To solve this problem, we need to know the balanced chemical equation for the reaction involving sodium carbonate and sodium phosphate. Assuming the reaction is between calcium phosphate and sodium carbonate (a common reaction to produce sodium phosphate and calcium carbonate), the balanced equation is:

$$\text{Ca}_3(\text{PO}_4)_2 + 3\text{Na}_2\text{CO}_3 ightarrow 2\text{Na}_3\text{PO}_4 + 3\text{CaCO}_3$$

Step 1: Calculate the theoretical yield of sodium carbonate

The actual yield of sodium carbonate is 7.3 g, and the percent yield is 74.0%. The formula for percent yield is:

$$\text{Percent Yield} = \frac{\text{Actual Yield}}{\text{Theoretical Yield}} \times 100\%$$

Rearranging to solve for theoretical yield:

$$\text{Theoretical Yield of } \text{Na}_2\text{CO}_3 = \frac{\text{Actual Yield}}{\text{Percent Yield}} \times 100\%$$

Substituting the given values:

$$\text{Theoretical Yield of } \text{Na}_2\text{CO}_3 = \frac{7.3\ \text{g}}{74.0\%} \times 100\% = \frac{7.3\ \text{g}}{0.74} \approx 9.865\ \text{g}$$

Step 2: Calculate the moles of sodium carbonate

The molar mass of $\text{Na}_2\text{CO}_3$ is:

$$2 \times 22.99\ \text{g/mol (Na)} + 12.01\ \text{g/mol (C)} + 3 \times 16.00\ \text{g/mol (O)} = 105.99\ \text{g/mol}$$

Moles of $\text{Na}_2\text{CO}_3$:

$$\text{Moles of } \text{Na}_2\text{CO}_3 = \frac{\text{Mass}}{\text{Molar Mass}} = \frac{9.865\ \text{g}}{105.99\ \text{g/mol}} \approx 0.0931\ \text{mol}$$

Step 3: Determine the moles of sodium phosphate from the stoichiometry

From the balanced equation, 3 moles of $\text{Na}_2\text{CO}_3$ produce 2 moles of $\text{Na}_3\text{PO}_4$. So the mole ratio of $\text{Na}_3\text{PO}_4$ to $\text{Na}_2\text{CO}_3$ is $\frac{2}{3}$.

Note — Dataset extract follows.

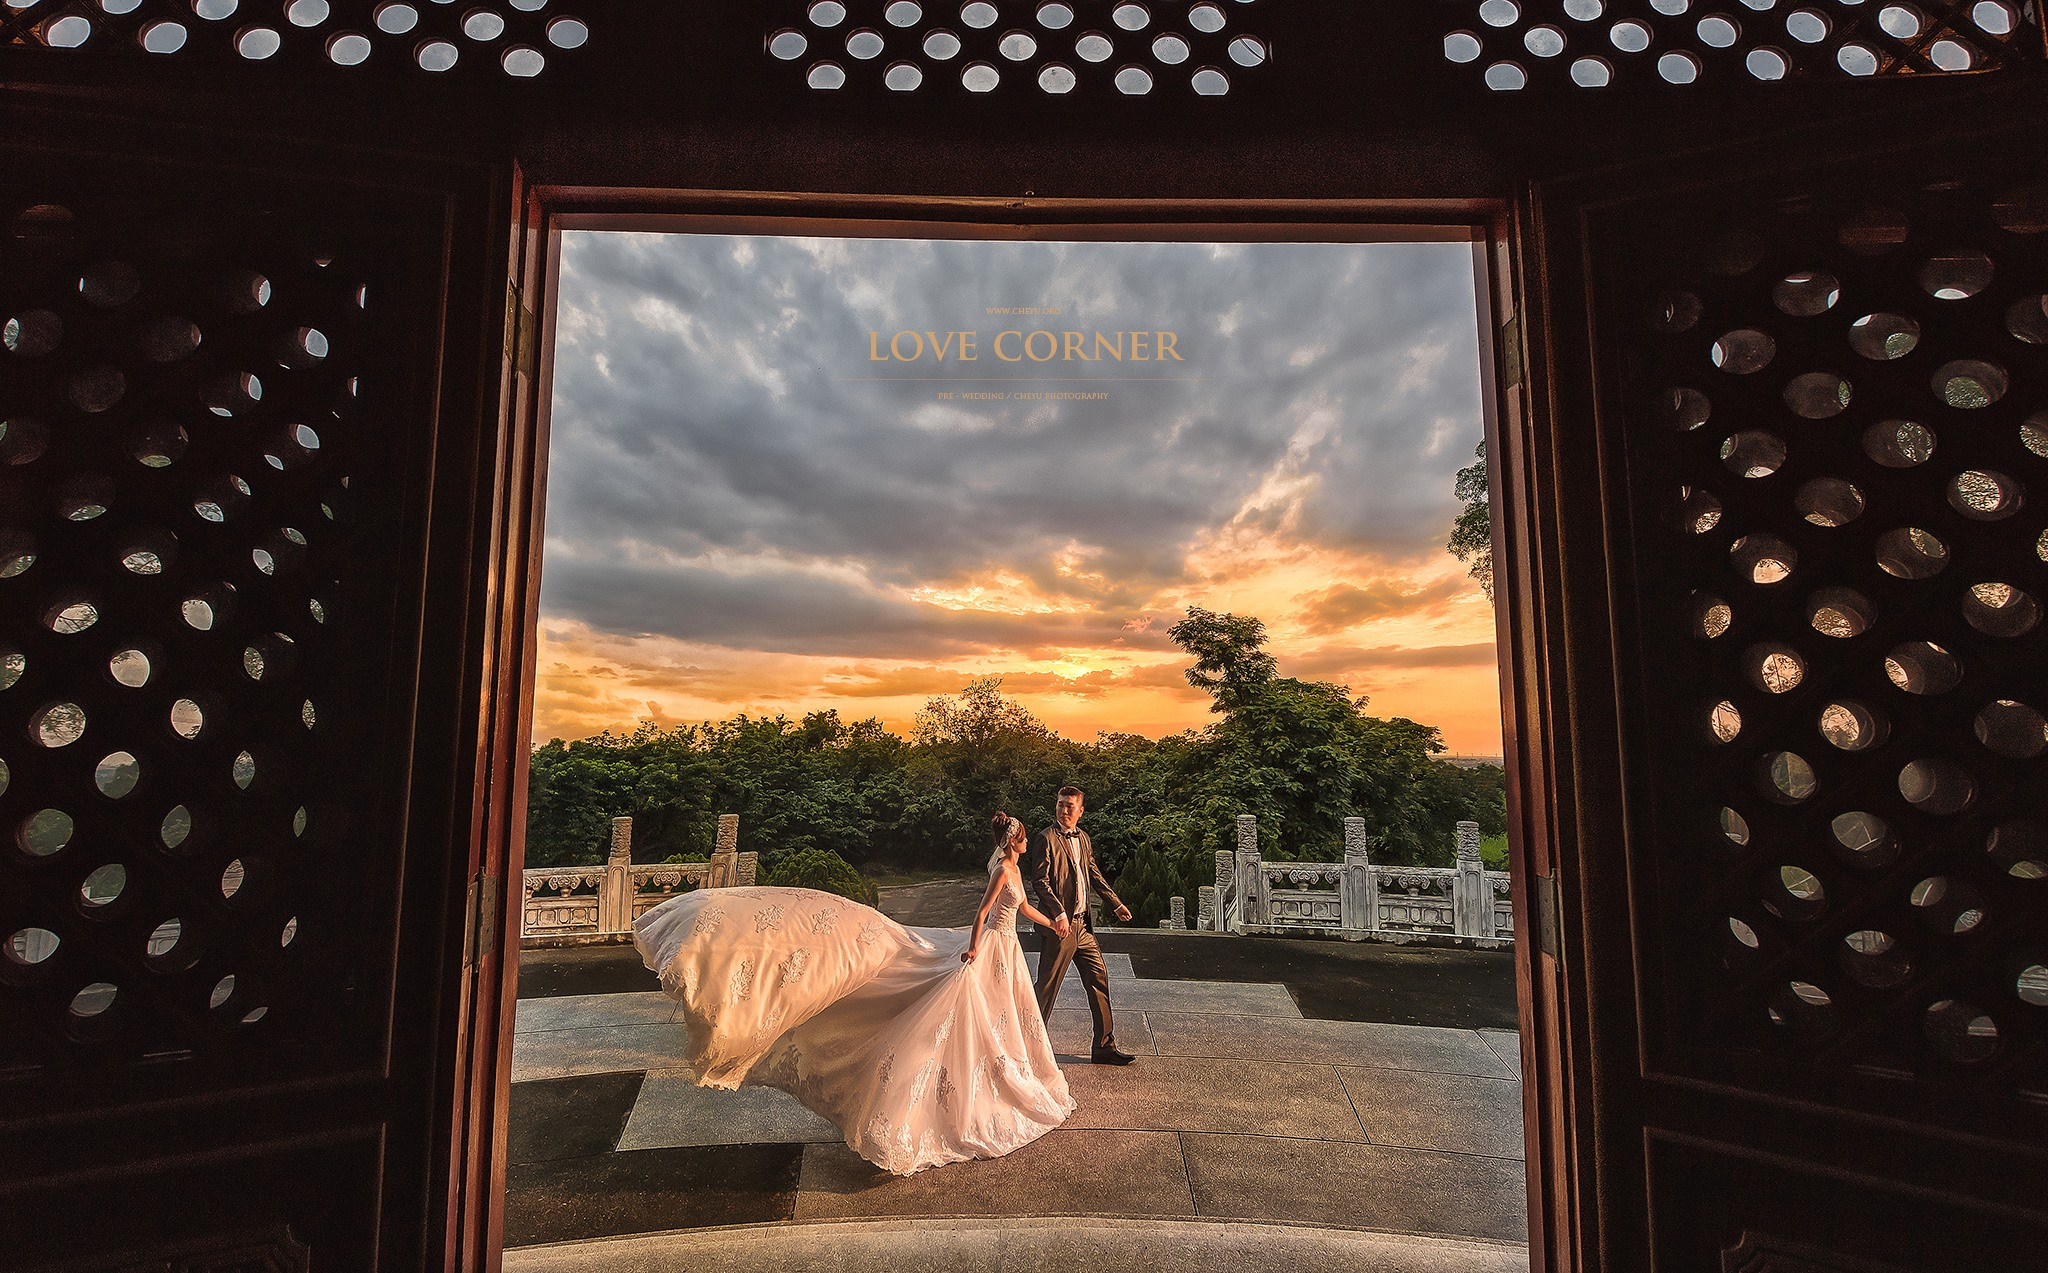 台南 烏山頭 婚紗 澤于 愛情街角
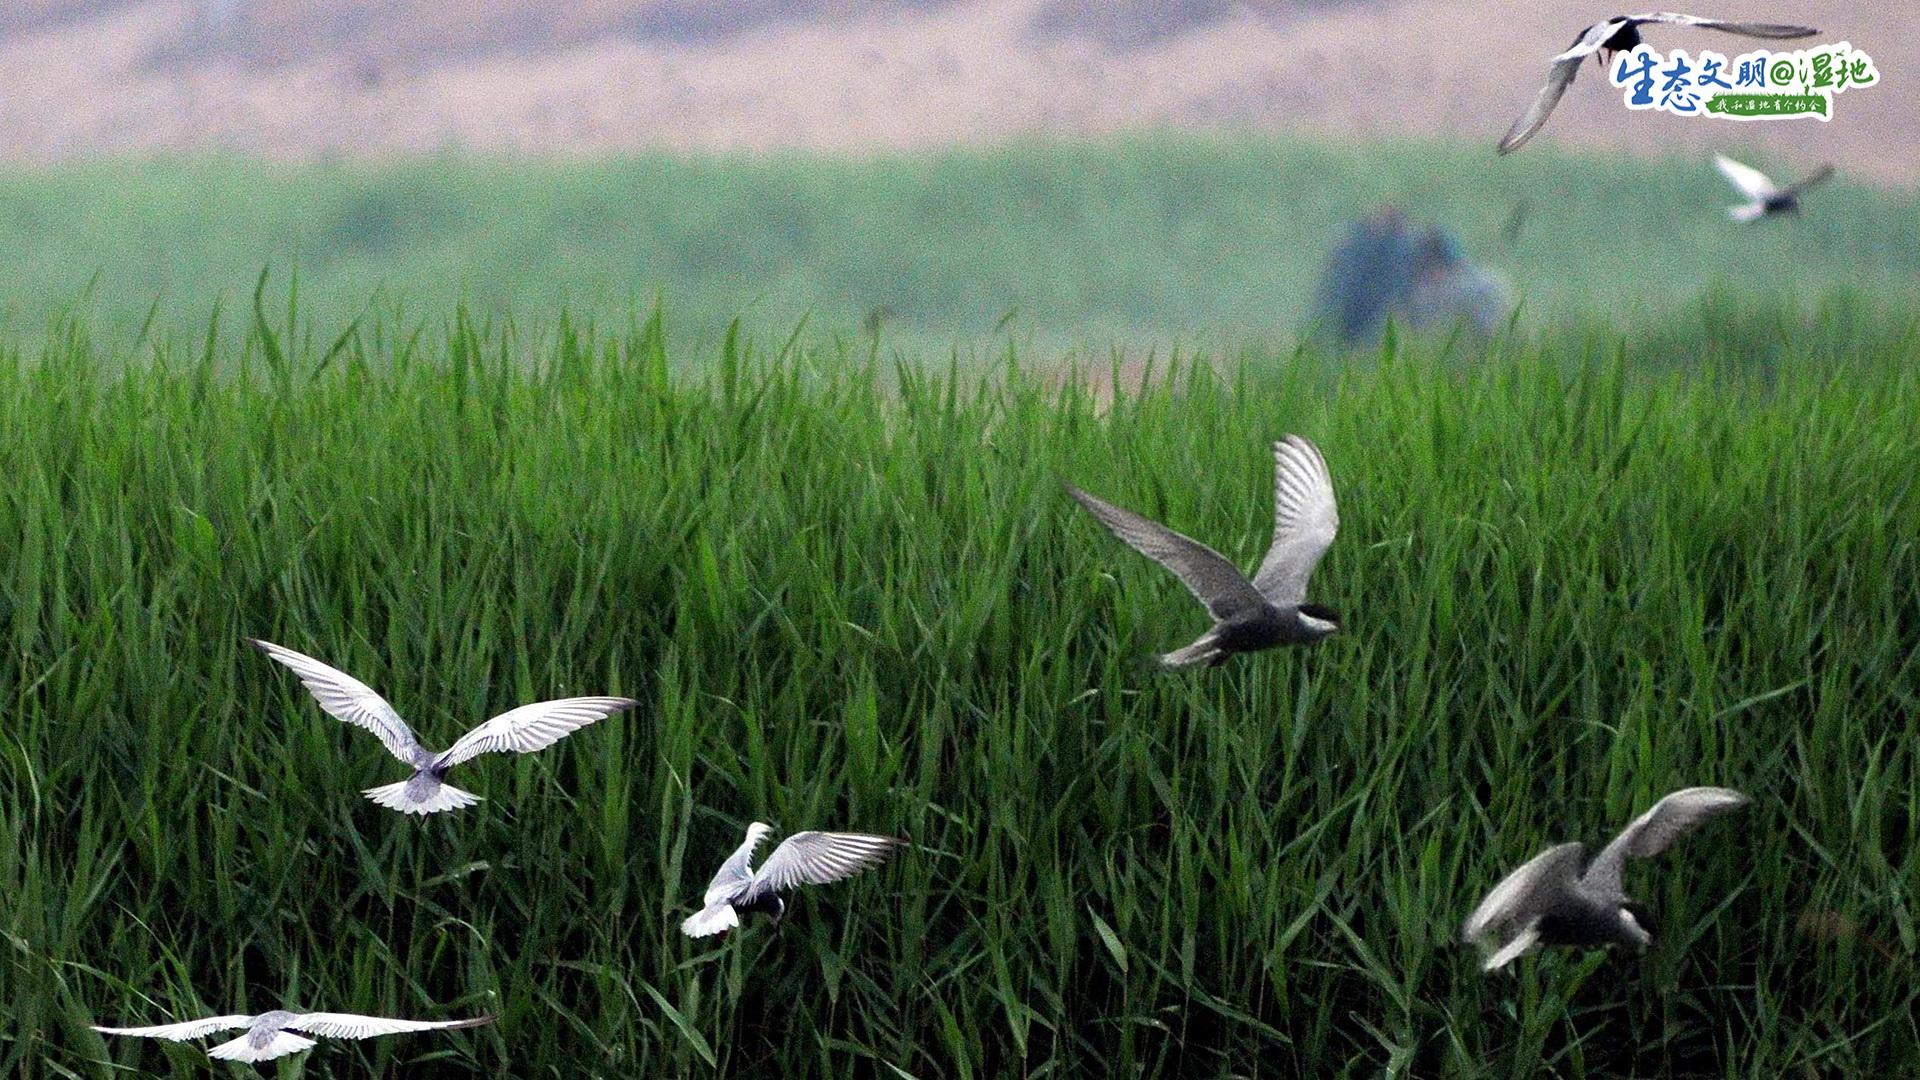 """初冬的北大港湿地,深红的碱蓬草,犹如一片""""珊瑚海"""";金黄的芦苇丛,摇曳轻荡在风中。在这自然孕育的环境中,候鸟成为了这里的主人。"""

Moles of $\text{Na}_3\text{PO}_4$:

$$\text{Moles of } \text{Na}_3\text{PO}_4 = 0.0931\ \text{mol (Na}_2\text{CO}_3) \times \frac{2}{3} \approx 0.0621\ \text{mol}$$

Step 4: Calculate the mass of sodium phosphate

The molar mass of $\text{Na}_3\text{PO}_4$ is:

$$3 \times 22.99\ \text{g/mol (Na)} + 30.97\ \text{g/mol (P)} + 4 \times 16.00\ \text{g/mol (O)} = 163.94\ \text{g/mol}$$

Mass of $\text{Na}_3\text{PO}_4$:

$$\text{Mass of } \text{Na}_3\text{PO}_4 = \text{Moles} \times \text{Molar Mass} = 0.0621\ \text{mol} \times 163.94\ \text{g/mol} \approx 10.18\ \text{g}$$

Final Answer

The mass of sodium phosphate Corey should obtain is approximately $\boxed{10.2\ \text{g}}$ (rounded to three significant figures).